▶ _PROBLEM TO SOLVE_:
This exercise calls for the whole listing to be given again exactly, without images.

▶ _STORED DATA_:
──────

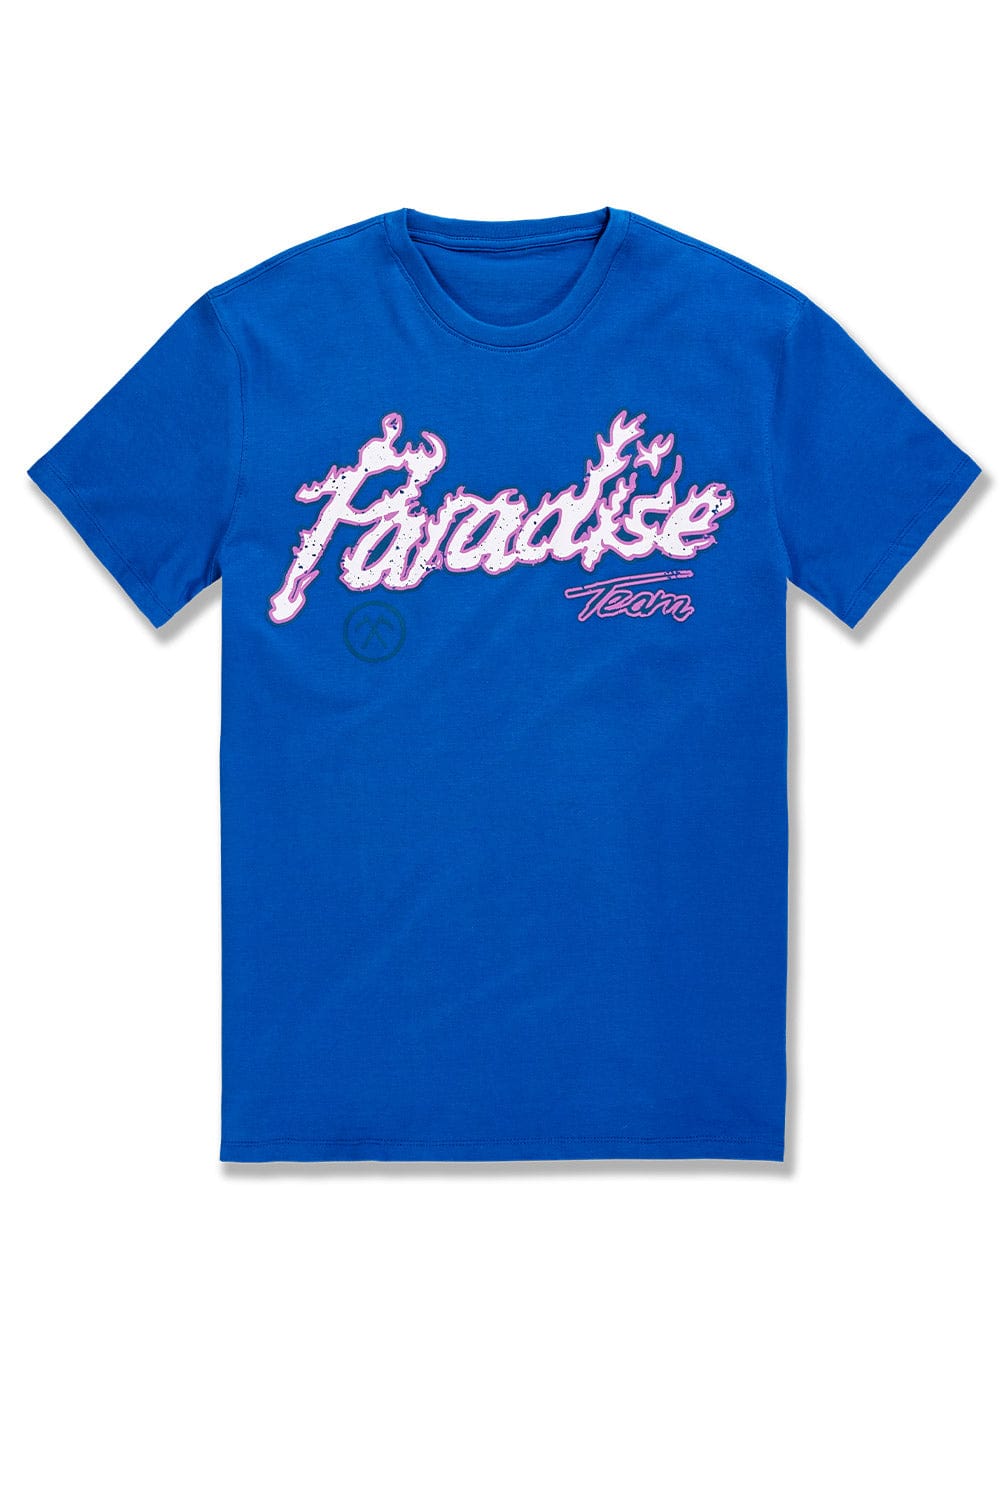 JC Big Men Big Men's Paradise Tour T-Shirt (Royal)
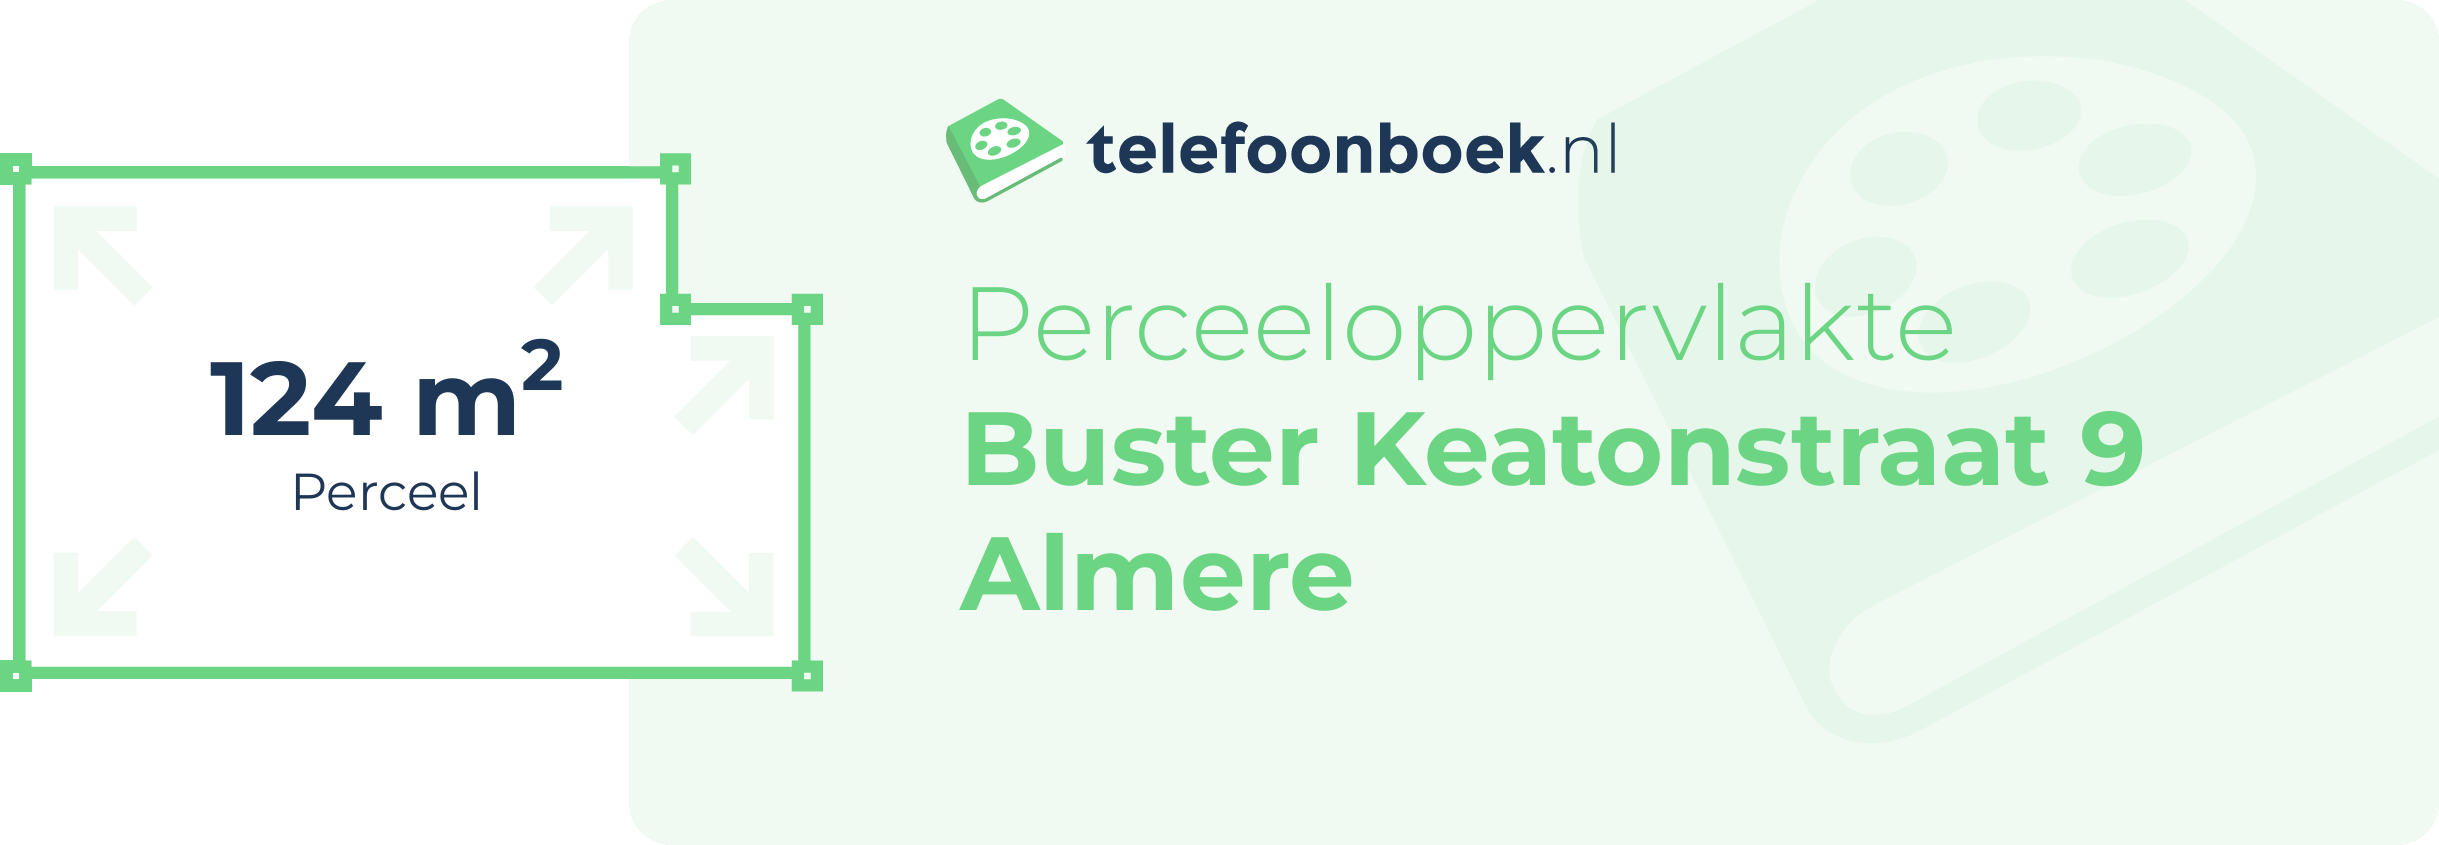 Perceeloppervlakte Buster Keatonstraat 9 Almere
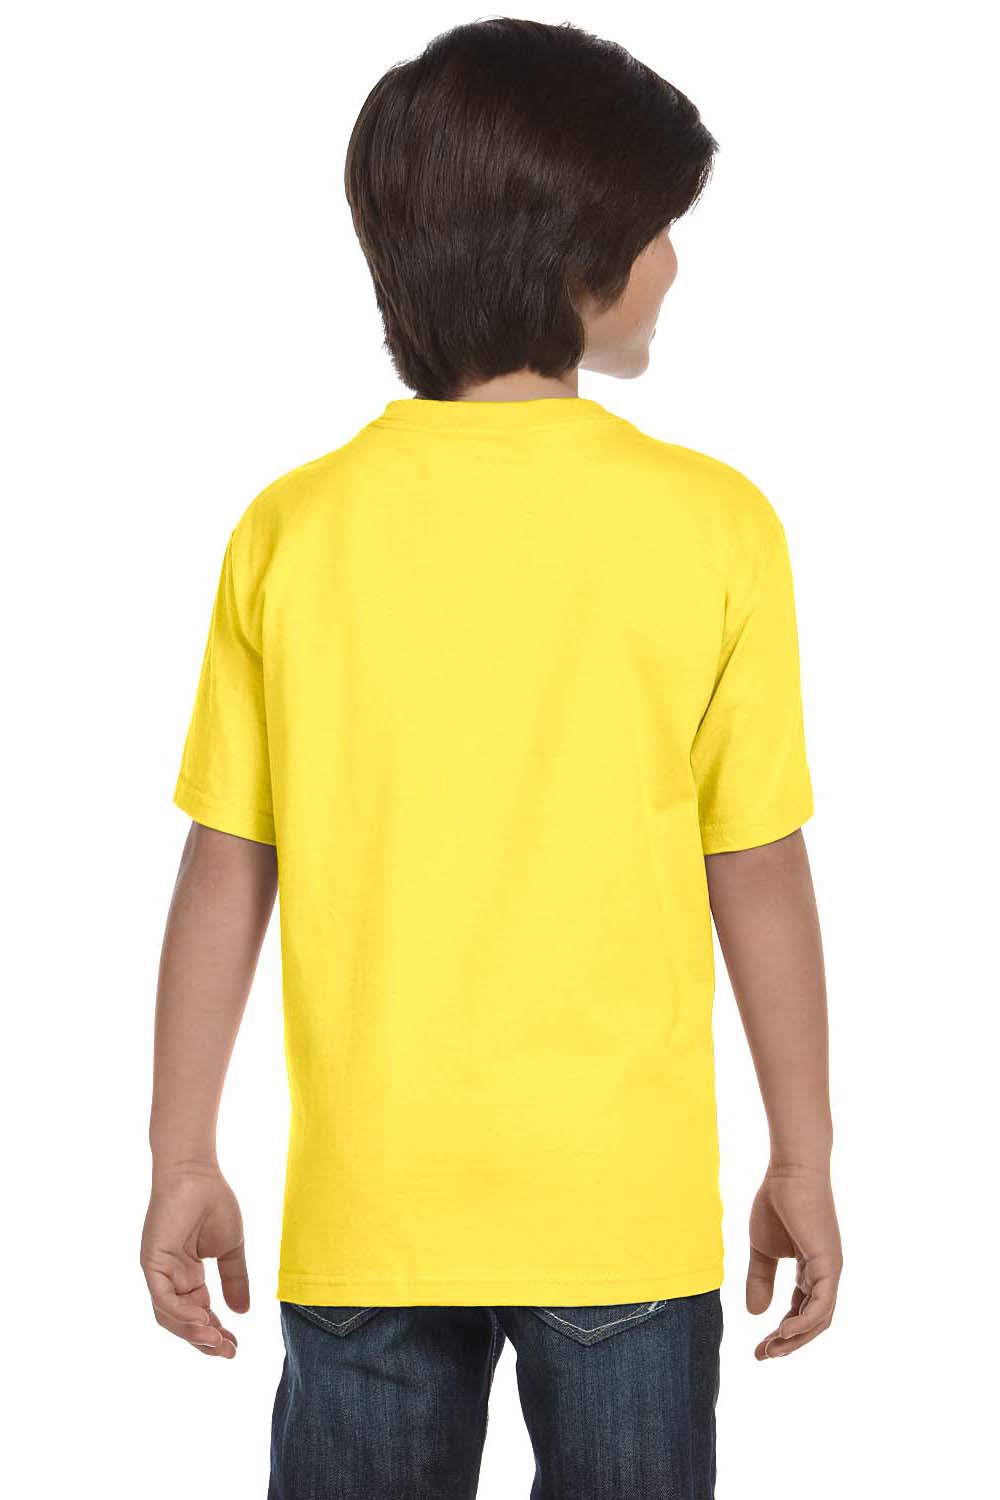 Hanes 5480 Youth ComfortSoft Short Sleeve Crewneck T-Shirt Yellow Back
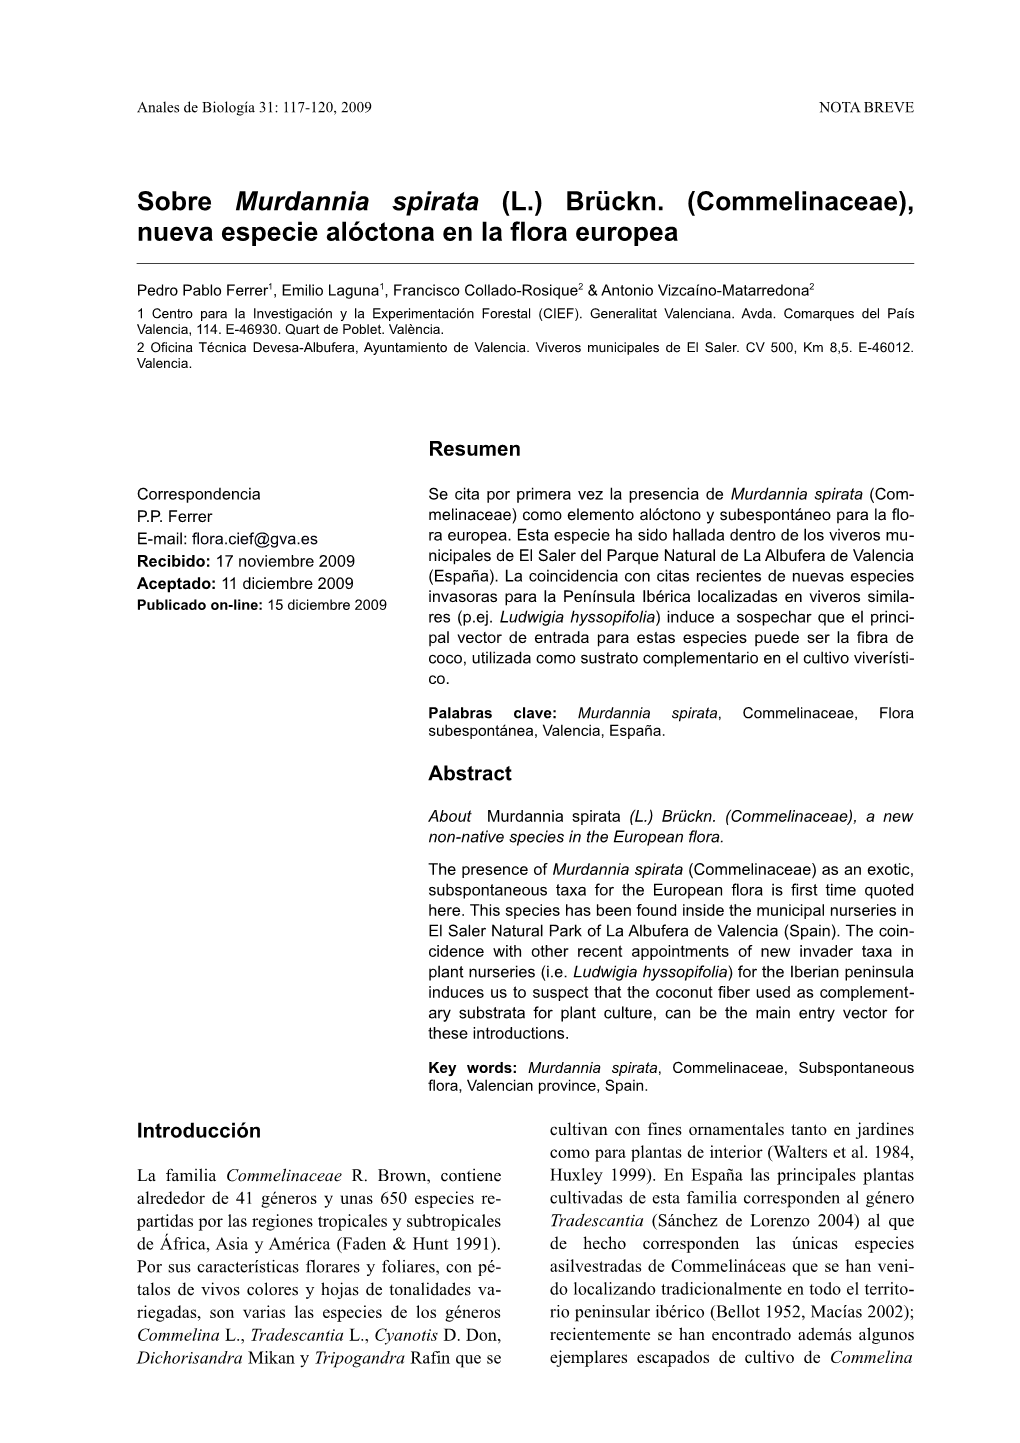 Sobre Murdannia Spirata (L.) Brückn. (Commelinaceae), Nueva Especie Alóctona En La Flora Europea

──────

▶ _YOUR SOLUTION_:
 JC Big Men Big Men's Paradise Tour T-Shirt (Royal)
 Perceeloppervlakte Buster Keatonstraat 9 Almere
 Hanes 5480 Youth ComfortSoft Short Sleeve Crewneck T-Shirt Yellow Back
 Sobre Murdannia Spirata (L.) Brückn. (Commelinaceae), Nueva Especie Alóctona En La Flora Europea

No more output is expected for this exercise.